Para Viver melhor com Diabetes, uma das melhores ferramentas é o monitoramento contínuo. Assim como em qualquer área da sua vida, uma doença crônica exige gestão. O monitoramento do diabetes é uma das ferramentas de gestão da doença. Não a única.

O que é o monitoramento em diabetes?

Você tem um monitor de glicose? Você usa o seu monitor ou ele está jogado na sua gaveta? Com que frequência? Você sabe a importância dessa prática? Você troca as informações sobre o seus resultados com o seu profissional de saúde? Vocês, juntos, decidem melhores estratégias de controle a partir desses resultados da glicemia? 

 

Anote suas glicemias

Hoje, muitos monitores trazem softwares super avançados que permitem um controle melhor e a interligação de informações. Esses relatórios, quando baixados em seus computadores podem ser compartilhados com os profissionais de saúde (médicos, nutricionistas, e outros) que fazem seu acompanhamento.

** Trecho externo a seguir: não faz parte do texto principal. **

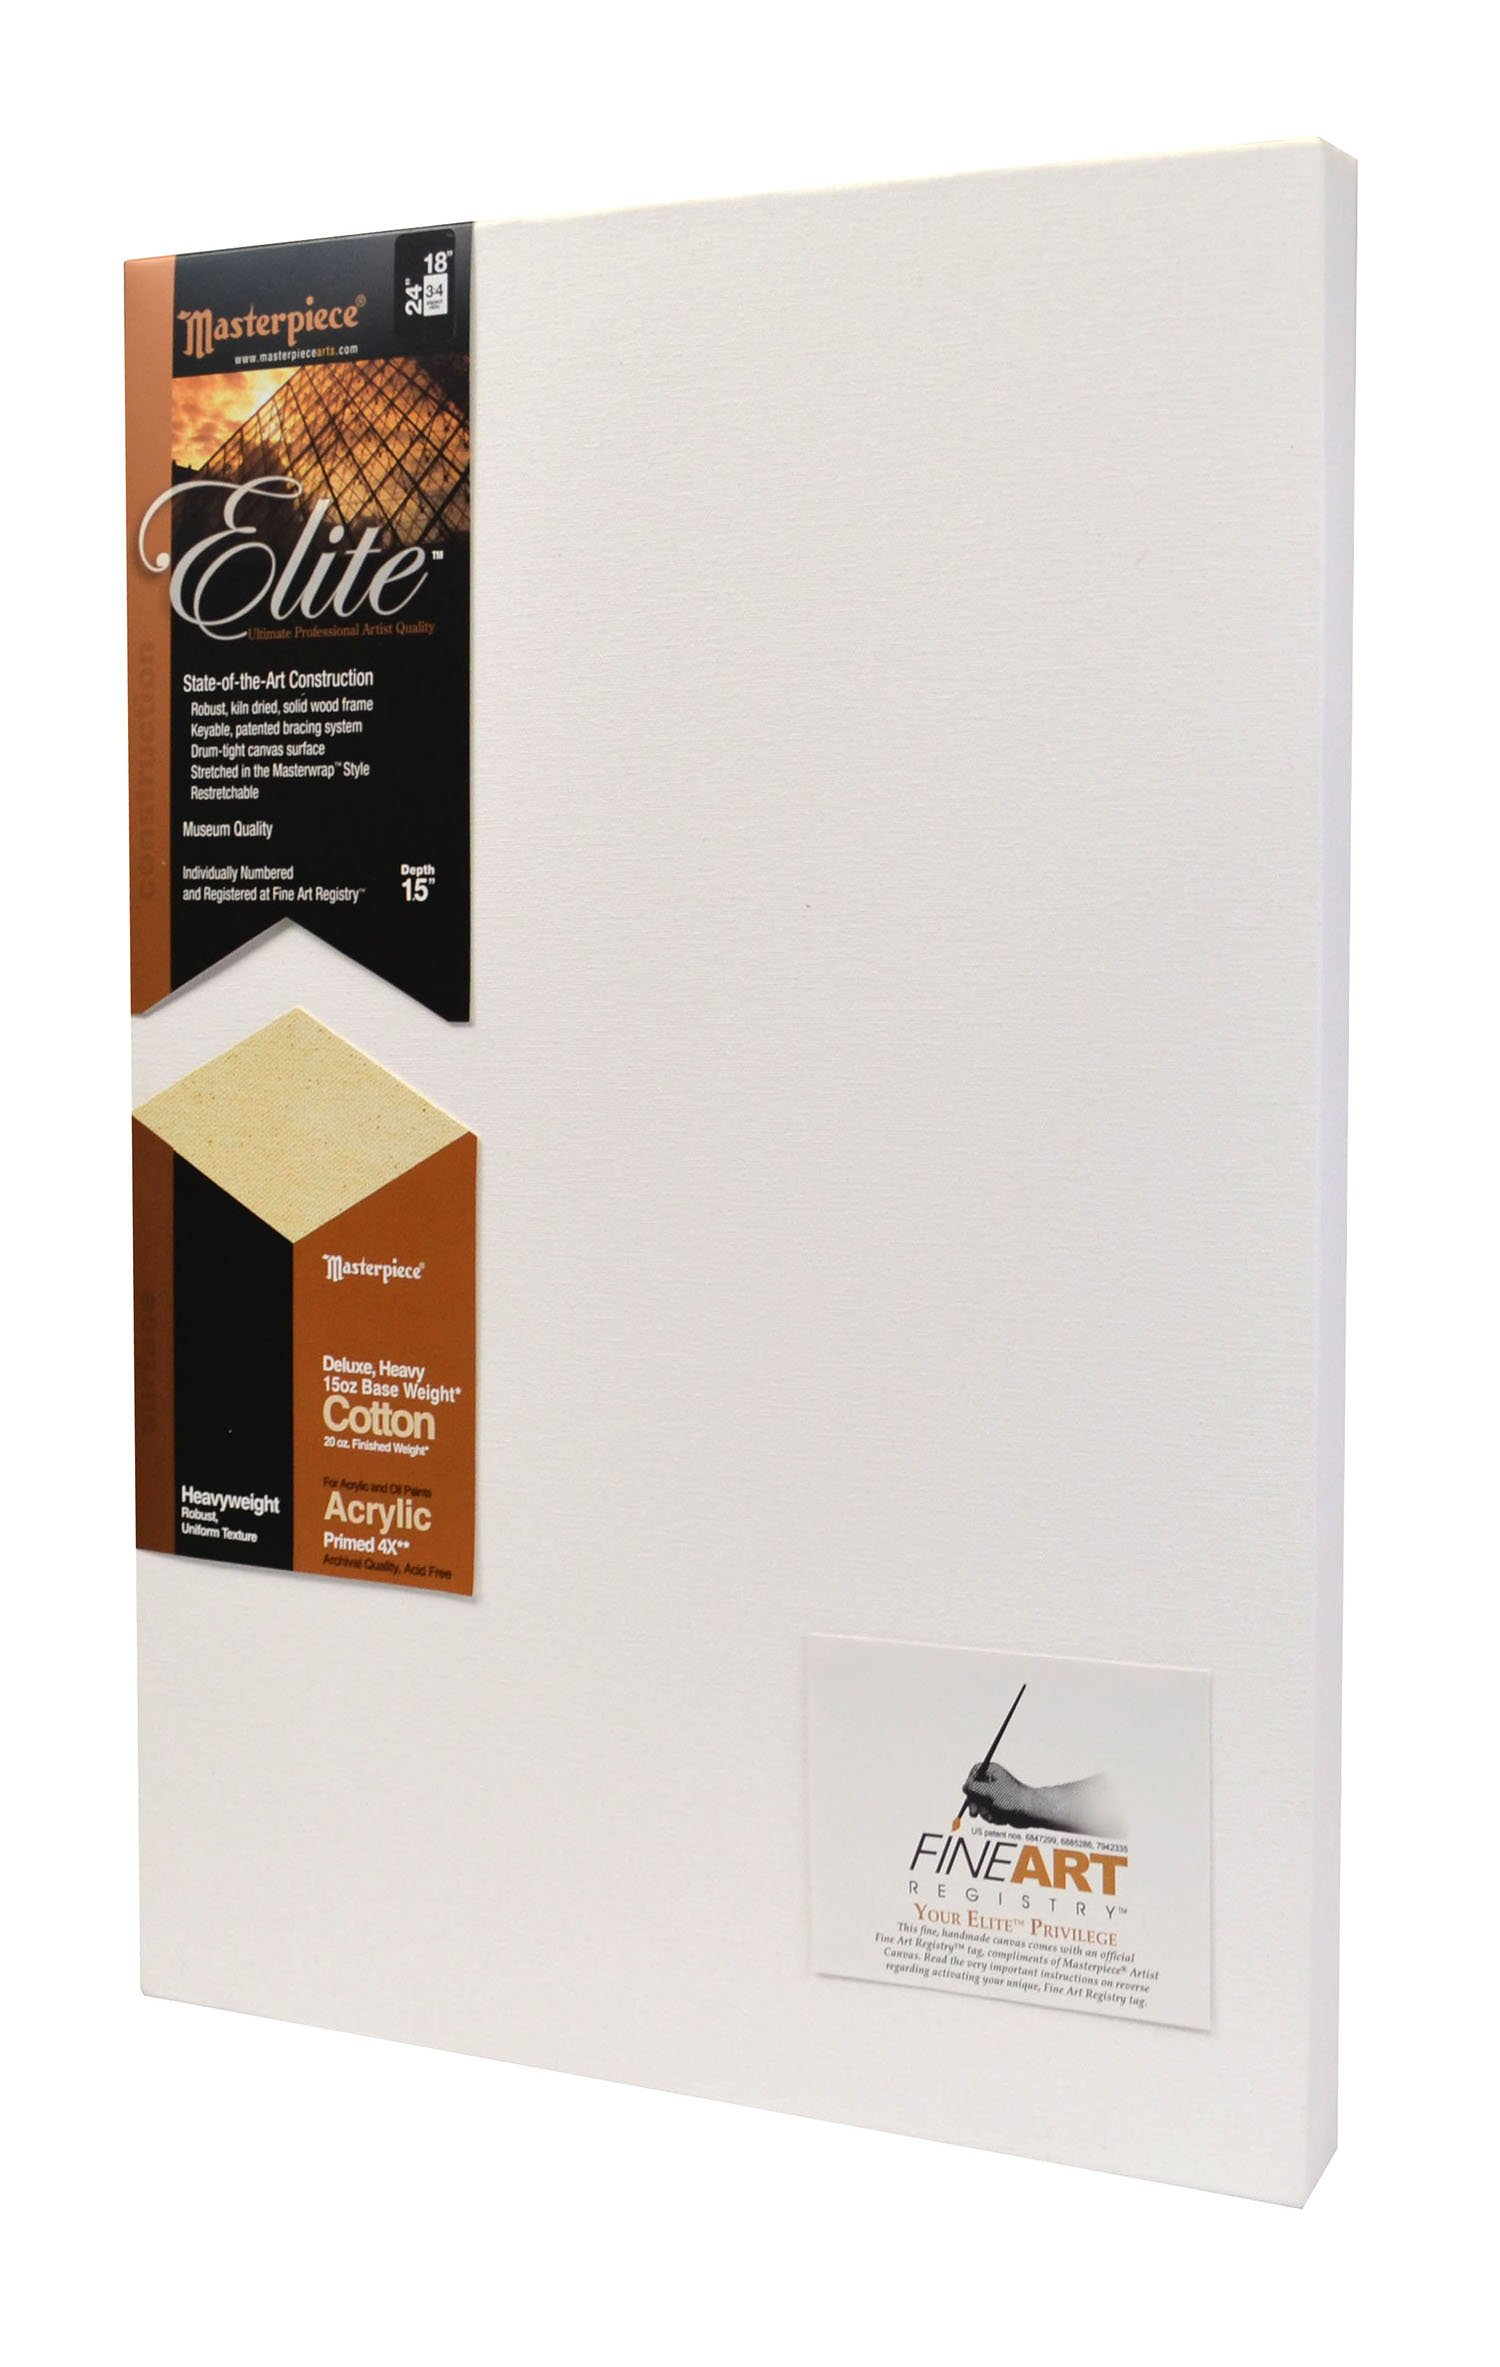 Masterpiece Artist Canvas 34516 Elite 1-1/2'' Deep, 16'' x 16'', Heavy 15-Ounce Acrylic Primed Cotton

Se você não tem prática, não recebe nenhum insumo do SUS, e os gastos com o monitoramento são por sua conta, uma dica que eu dou, para os diabéticos tipo 2, é fazer todo mês uma semana de acompanhamento detalhado, com medidas de jejum, pré e pós-refeições e madrugada. Isso já é uma boa prática para acompanhar o diabetes, saber como sua glicemia se comporta com certos alimentos e situações (dormir menos, estresse, ansiedade, menstruação…). Já dá alguns bons indicativos de como agir e municiam o profissional de saúde com informações essenciais para o direcionamento da abordagem para o tratamento do diabetes.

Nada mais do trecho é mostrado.